Configure custom health checks for DNS failover - Amazon API Gateway

Configure custom health checks for DNS failover

You can use Amazon Route 53 health checks to control DNS failover from an API Gateway API in a primary AWS Region to one in a secondary Region. This can help mitigate impacts in the event of a Regional issue. If you use a custom domain, you can perform failover without requiring clients to change API endpoints.

When you choose Evaluate Target Health for an alias record, those records fail only when the API Gateway service is unavailable in the Region. In some cases, your own API Gateway APIs can experience interruption before that time. To control DNS failover directly, configure custom Route 53 health checks for your API Gateway APIs. For this example, you use a CloudWatch alarm that helps operators control DNS failover. For more examples and other considerations when you configure failover, see Creating Disaster Recovery Mechanisms Using Route 53 and Performing Route 53 health checks on private resources in a VPC with AWS Lambda and CloudWatch.

Prerequisites

To complete this procedure, you must create and configure the following resources:

For more information on how to create Route 53 failover DNS records for the domain names, see Choose a routing policy in the Amazon Route 53 Developer Guide. For more information on how to monitor a CloudWatch alarm, see Monitoring a CloudWatch alarm in the Amazon Route 53 Developer Guide.

Step 1: Set up resources

In this example, you create the following resources to configure DNS failover for your domain name:

  • API Gateway APIs in two AWS Regions

  • API Gateway custom domain names with the same name in two AWS Regions

  • API Gateway API mappings that connect your API Gateway APIs to the custom domain names

  • Route 53 failover DNS records for the domain names

  • A CloudWatch alarm in the secondary Region

  • A Route 53 health check based on the CloudWatch alarm in the secondary Region

First, make sure that you have all of the required resources in the primary and secondary Regions. The secondary Region should contain the alarm and health check. This way, you don't depend on the primary Region to perform failover. For example AWS CloudFormation templates that create these resources, see primary.yaml and secondary.yaml.

Important

Before failover to the secondary Region, make sure that all required resources are available. Otherwise, your API won't be ready for traffic in the secondary Region.

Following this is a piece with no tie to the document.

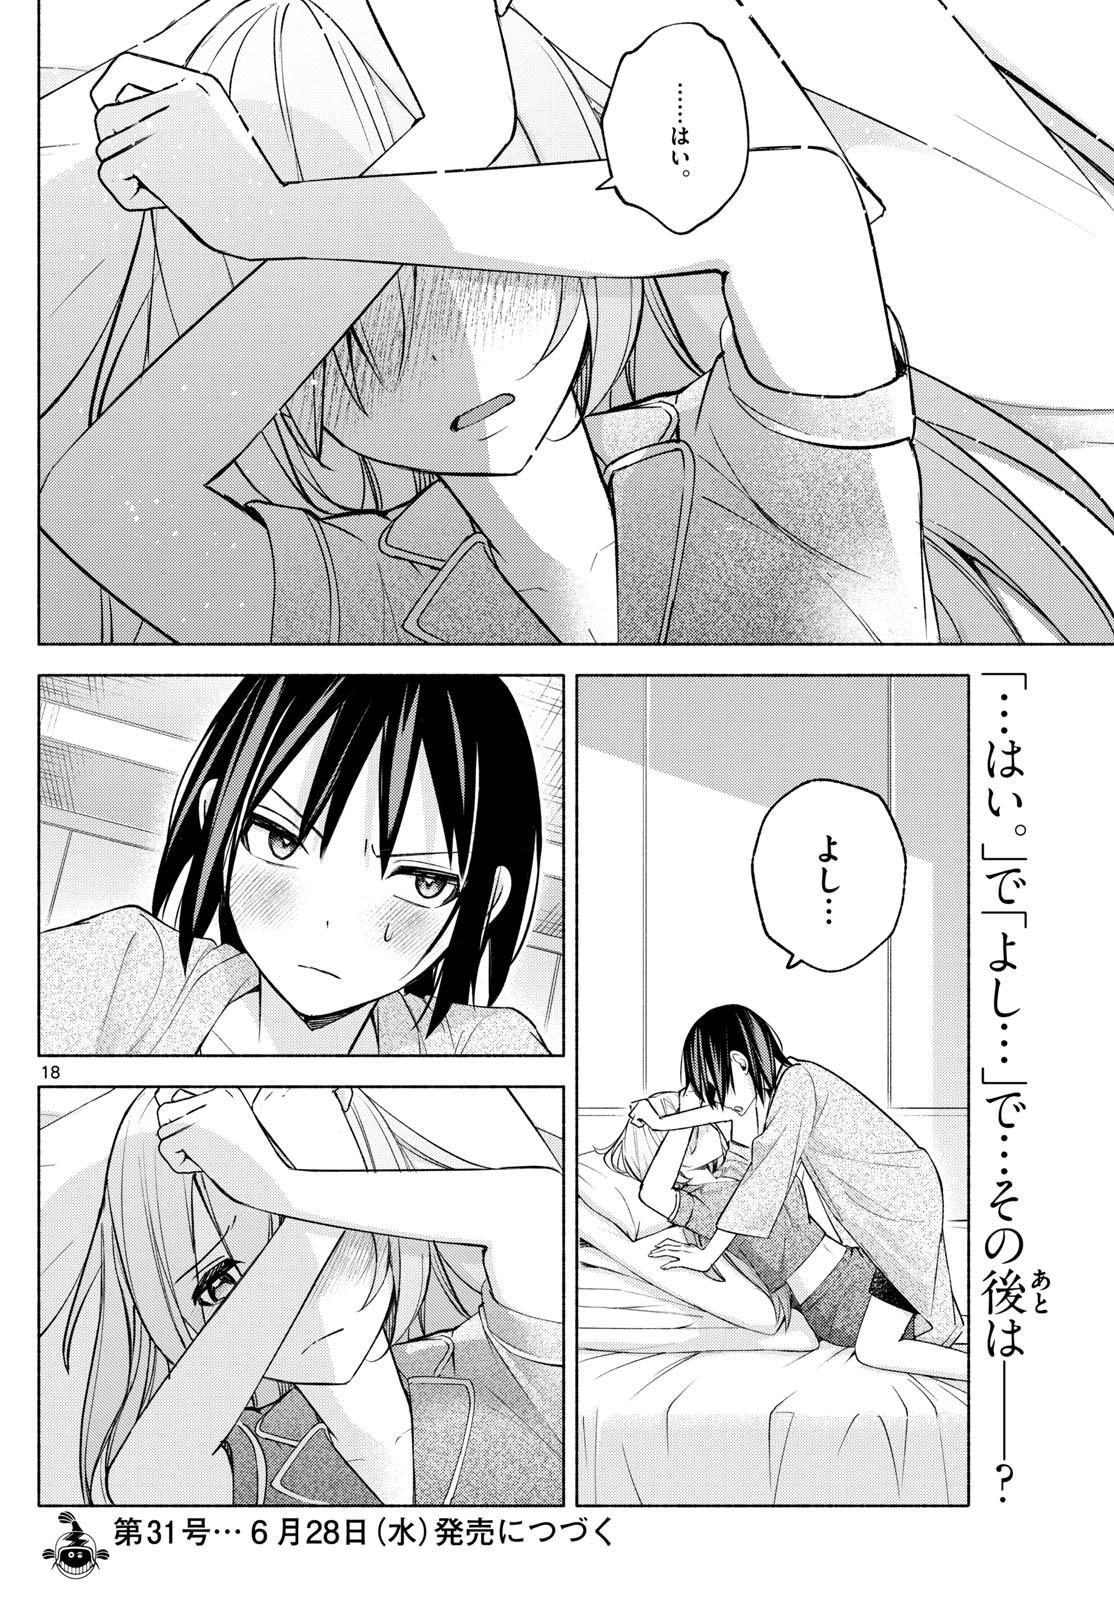 Kimi to Warui Koto ga Shitai - Chapter 033 - Page 18

Step 2: Initiate failover to the secondary Region

In the following example, the standby Region receives a CloudWatch metric and initiates failover. We use a custom metric that requires operator intervention to initiate failover.

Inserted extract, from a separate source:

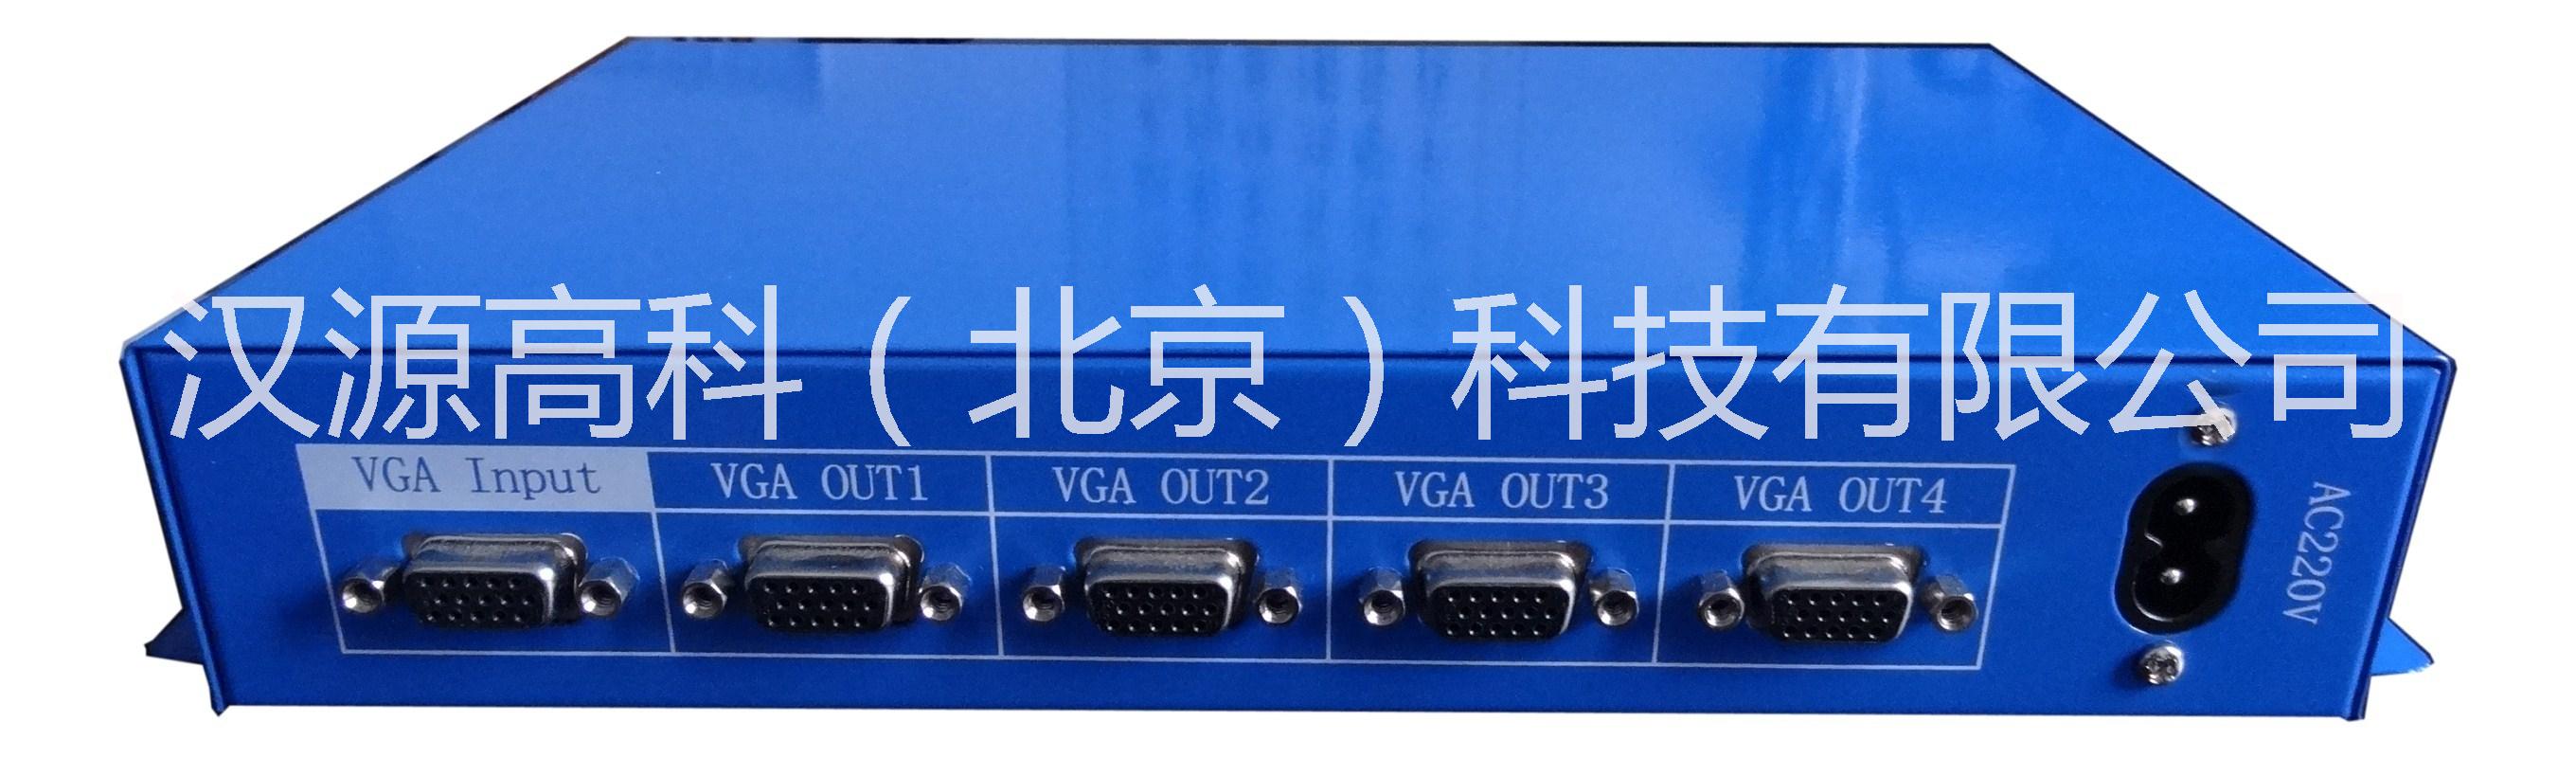 供应北京汉源高科VGA分配器

aws cloudwatch put-metric-data \ --metric-name Failover \ --namespace HealthCheck \ --unit Count \ --value 1 \ --region us-west-1

Replace the metric data with the corresponding data for the CloudWatch alarm you configured.

Step 3: Test the failover

Invoke your API and verify that you get a response from the secondary Region. If you used the example templates in step 1, the response changes from {"message": "Hello from the primary Region!"} to {"message": "Hello from the secondary Region!"} after failover.

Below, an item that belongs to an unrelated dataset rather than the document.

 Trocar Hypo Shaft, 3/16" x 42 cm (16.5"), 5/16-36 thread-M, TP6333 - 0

curl https://my-api.example.com {"message": "Hello from the secondary Region!"}

Step 4: Return to the primary region

To return to the primary Region, send a CloudWatch metric that causes the health check to pass.

aws cloudwatch put-metric-data \ --metric-name Failover \ --namespace HealthCheck \ --unit Count \ --value 0 \ --region us-west-1

Replace the metric data with the corresponding data for the CloudWatch alarm you configured.

Invoke your API and verify that you get a response from the primary Region. If you used the example templates in step 1, the response changes from {"message": "Hello from the secondary Region!"} to {"message": "Hello from the primary Region!"}.

curl https://my-api.example.com {"message": "Hello from the primary Region!"}

Next steps: Customize and test regularly

This example demonstrates one way to configure DNS failover. You can use a variety of CloudWatch metrics or HTTP endpoints for the health checks that manage failover. Regularly test your failover mechanisms to make sure that they work as expected, and that operators are familiar with your failover procedures.